Let me be clear. I am not arguing that we change the way we do science, but rather the way we teach science. Nor am I advocating that humanity embrace a single, global cosmology. The beauty of the Epic of Evolution is that it allows for an endless variety of interpretations, with and without God(s). So every culture can still fashion its own unique cosmology, informed by its own unique historical, cultural, and ecological context.
I will explore experiential education in a future post, discussing the contributions of John Dewey and others. For the moment, suffice it to say that the acquisition of knowledge must be accompanied by an inner transformation. Only then can we hope to raise a generation that regards the world as a meaningful place worthy of respect and nurturing. Only then can we establish new, more accurate cosmologies that reflect what we actually know of the universe. Only then can we begin the move toward a new, more viable form of human existence.

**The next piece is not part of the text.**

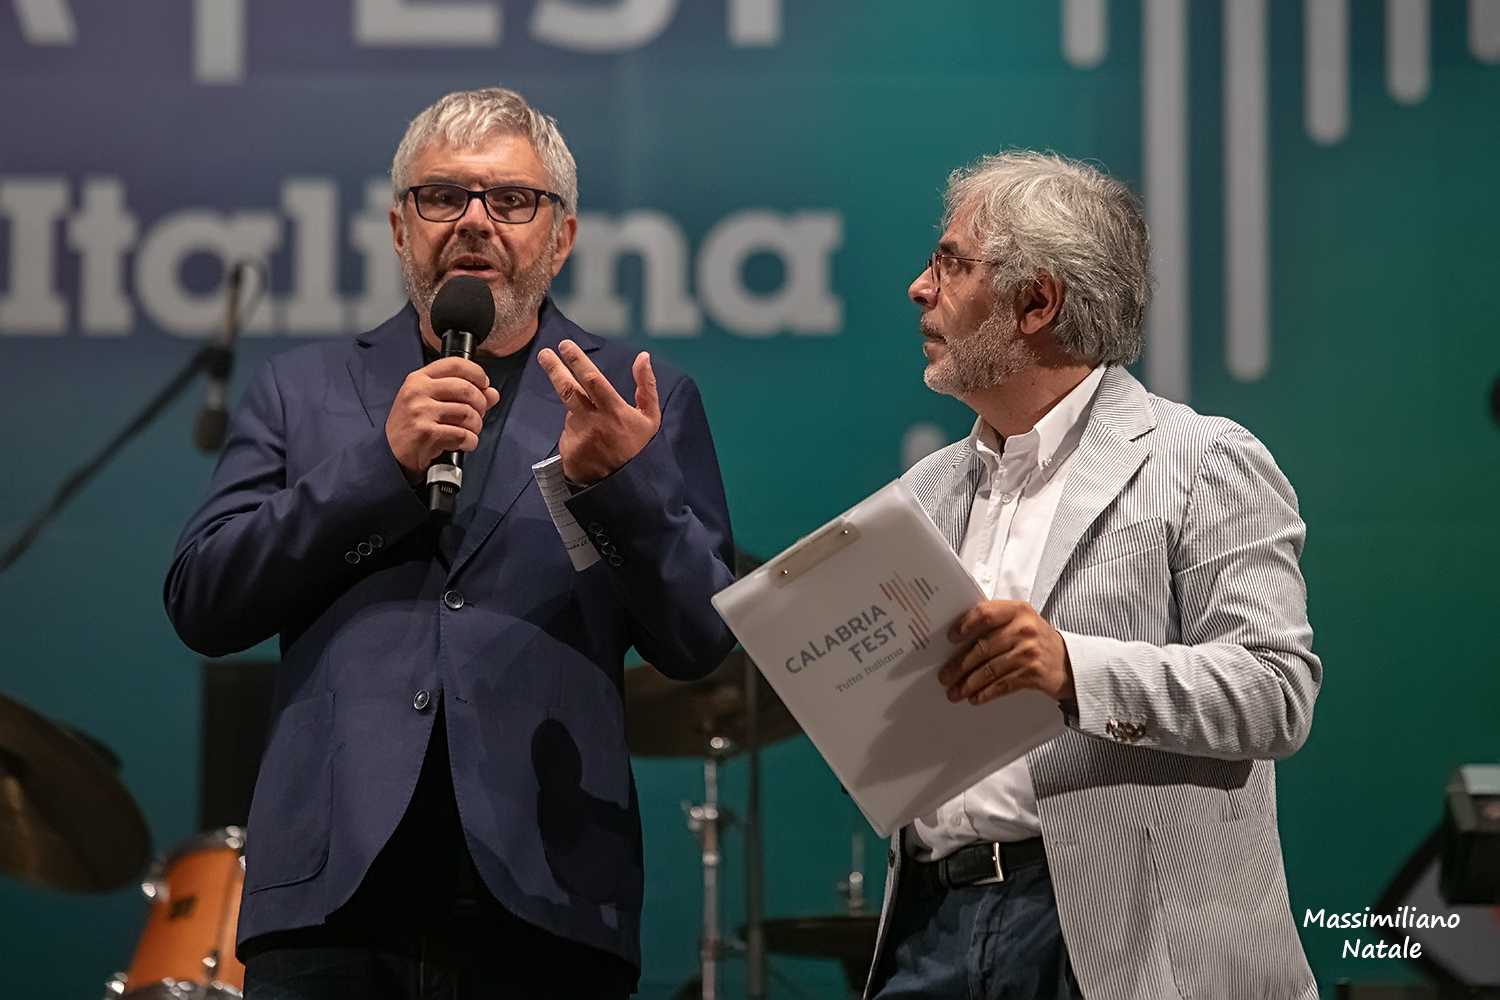 Giovanni Arichetta e i Carboidrati sono i primi finalisti del “Calabria Fest Tutta Italiana”

1. The American Heritage® Science Dictionary. Copyright © 2002. Published by Houghton Mifflin.
2. The American Heritage® New Dictionary of Cultural Literacy, Third Edition. Copyright © 2005 by Houghton Mifflin Company.
3. Swimme, B. 1996. The Hidden Heart of the Cosmos: Humanity and the New Story. Orbis, New York, 115 pp.
4. Berry, T. 1999. The Great Work: Our Way into the Future. Bell Tower, New York, 242 pp.
5. Stone, M. K. and Z. Barlow (eds.). 2005. Ecological Literacy: Educating our Children for a Sustainable World. University of California Press, Berkeley, 275 pp.
6. Chaisson, E. 2006. Epic of Evolution: Seven Ages of the Cosmos. Columbia University Press, New York, 479 pp.